Cd concentration in the blood, brain, and uterus
The study revealed the increased Cd concentrations in the whole blood, whole brain, and uterus of the female rats (Table 4). A subacute oral Cd administration at doses of 0.09–4.5 mg/kg b.w. resulted in a significant dose-dependent increase in the blood Cd concentration (Table 4).
Similar to the whole blood, we observed an increase in the whole brain Cd levels in a dose-dependent manner in Cd rats, compared to controls (Table 4). After a 30-day Cd administration at a dose of 0.09 mgCd/kg b.w., the increase in the whole brain Cd levels was insignificant, compared to pure control, while the administration of the higher doses (1.8 and 4.5 mgCd/kg b.w.) significantly enhanced the Cd concentration in the whole brain, and the increase was dose-dependent (five- and tenfold, respectively), as compared to the pure control group. The elevated Cd concentration in brain tissues persisted at the same level for successive 3 months after the exposure termination (Table 4). Moreover, a significant correlation between the Cd concentration in the whole blood and in brain tissues was observed in the examined females after both 30 days of exposure (R2 = 0.80) and 3 months following the termination of exposure (R2 = 0.87).

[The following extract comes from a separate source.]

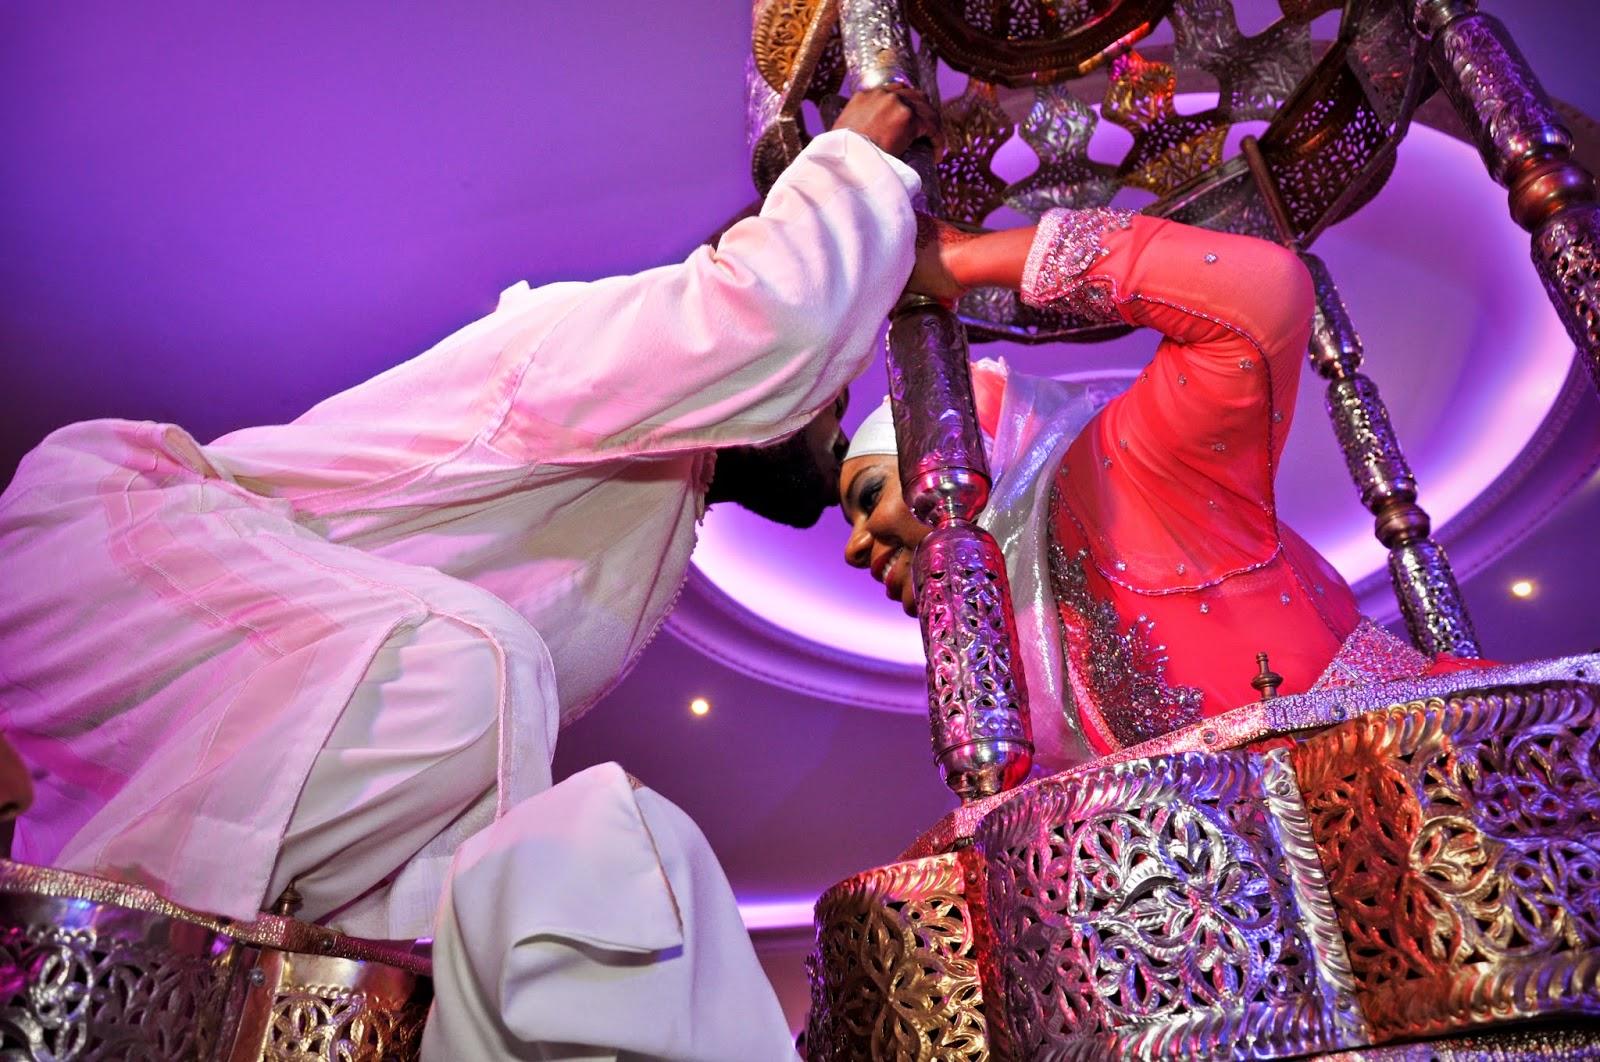 Mariage Mixte Que Dit Vraiment Le Coran 22

As in the brain, a significant increase in the Cd concentration in uterine tissues was found to be dose-dependent (Table 4). After 30 days of administration, the mean Cd concentration increase in uterine tissues depended on the dose, ~ 10× for 1.8 mgCd/kg and ~ 35× for 4.5 mgCd/kg, compared to the control group. There was a significant correlation between the Cd concentration in the blood and in the uterine tissues just after 30 days of Cd administration (R2 = 0.94), as well as 3 months after the exposure termination (R2 = 0.85). It should also be noted that Cd concentrations in uterine tissues were 5 to 14 times higher at 1.8 and 4.5 mgCd/kg, respectively, than in the brain. However, in the females receiving the two highest doses, Cd concentrations in the brain and uterus were found to be slightly decreased 3 months after the exposure termination (observation period), compared to the levels noted after 30 days of administration, while a dramatic reduction was observed in the blood (Table 4).
Discussion
Recent studies have suggested that certain toxic metals such as Cd can function as endocrine disruptors by mimicking the action of estrogens (Garcia-Morales et al. 1994; Johnson et al. 2003; Stoica et al. 2000; Byrne et al. 2009). Literature data point out that Cd activates both genomic (Brama et al. 2007; Garcia-Morales et al. 1994; Stoica et al. 2000; Johnson et al. 2003; Höfer et al. 2009) and non-genomic estrogen signaling (Höfer et al. 2009; Rider et al. 2009; Silva et al. 2006). Experimental animal studies of Cd estrogenicity have yielded differentiated and ambiguous results concerning Cd effects on the hormonal system, manifested by the changed levels of sex hormones (E2 and P). It seems that the exposure route plays here a significant role. For example, after a single, subcutaneous Cd administration at doses within the range of 2.5–7.5 mgCd/kg, a reduced plasma progesterone level was observed (Zhang and Jia 2007), while after a single intraperitoneal administration of similar doses (1.6–8.4 mgCd/kg), an opposite effect was revealed (Obianime et al. 2011). Despite the fact that the same route of administration was used, various authors have reported conflicting results after repeated Cd oral administration at doses of 10–23 mgCd/kg (guinea pigs and rats). For example, Han et al. (2006) and Dobranić et al. (2002) showed the decreased blood E2 and P concentrations, while Monsefi and Fereydouni (2013) revealed the increased P concentration and the decreased E2 concentration.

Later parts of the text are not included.